Validation of an Energy-efficient longitudinal vehicle motion control based on model predictive control

 

Ansprechpartner

Name

Lucas Koch

Wissenschaftlicher Mitarbeiter

Telefon

work
+49 241 80 48105

E-Mail

E-Mail
 

Automatisierte Fahrfunktionen eröffnen gerade im dynamischen Stadtverkehr ein hohes Energieeinsparpotential durch eine optimierte, automatisierte Fahrzeuglängsführung. Die komplexe Interaktion mit einer stochastischen, dynamischen Verkehrsumgebung stellt dabei hohe Anforderungen an die zu entwickelnden Regelalgorithmen. Zur Umsetzung einer optimierten Längsführung hat sich die Modellprädiktive Regelung (MPR) als vielversprechender Ansatz herausgestellt. Zur Generierung von energieeffizienten, sicheren und komfortablen Trajektorien zur Längsführung fließen die Fahrzeugdynamik sowie die prädizierten Bewegungsprofile der Verkehrsteilnehmer explizit in eine Optimierung ein. In vorausgehenden Arbeiten konnte so in einer Simulationsstudie durch eine auf MPR basierende Fahrstrategie je nach Antriebsart und Verkehrssituation bis zu 44% Antriebsenergie gegenüber einem menschlichen Fahrer eingespart werden.

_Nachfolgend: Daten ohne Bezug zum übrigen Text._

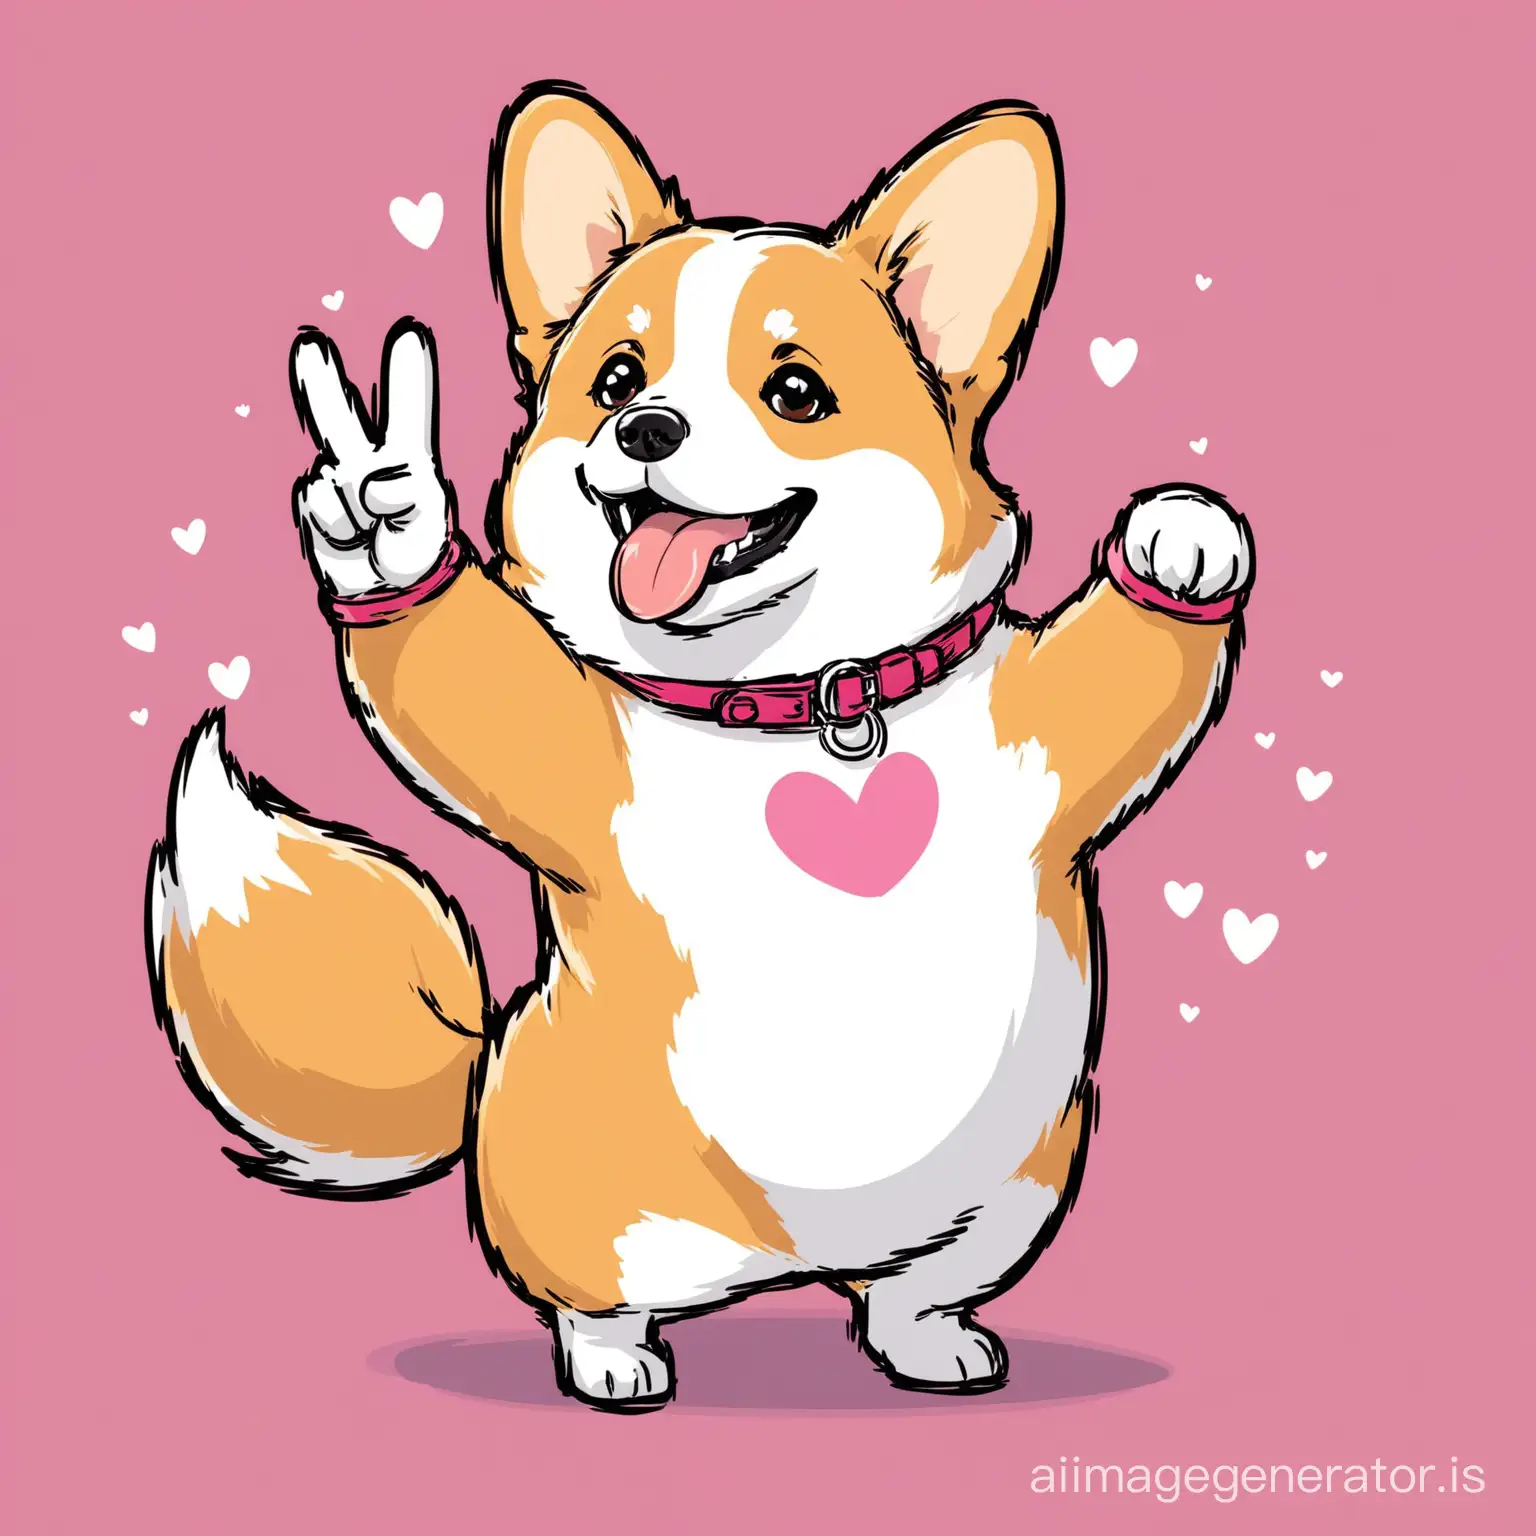 a corgi standing in his rear legs and sticking tongue to one side and making the peace and love sign with one hand no bows or other decorations

Der Übertrag von simulationsbasierten Ansätzen in eine reale Validierung gestaltet sich herausfordernd. Um den Übertrag aus der Forschung hin zu Realanwendung zu ermöglichen, sollen im Rahmen dieses Projektes simulativ entwickelte Fahrfunktionen in echten Fahrszenarien validiert und abgesichert werden. Dazu wird ein mit grundlegender Umfeldsensorik ausgestattetes Serienfahrzeug um ein Rapid Control Prototyping (RCP)-Steuergerät erweitert, auf dem eine entwickelte MPR-Strategie implementiert wird. Basierend auf den Messdaten von spezifizierten Testszenarien kann das Modell zur Zustandsschätzung der dynamischen Fahrszenarien adaptiv angepasst und erweitert werden.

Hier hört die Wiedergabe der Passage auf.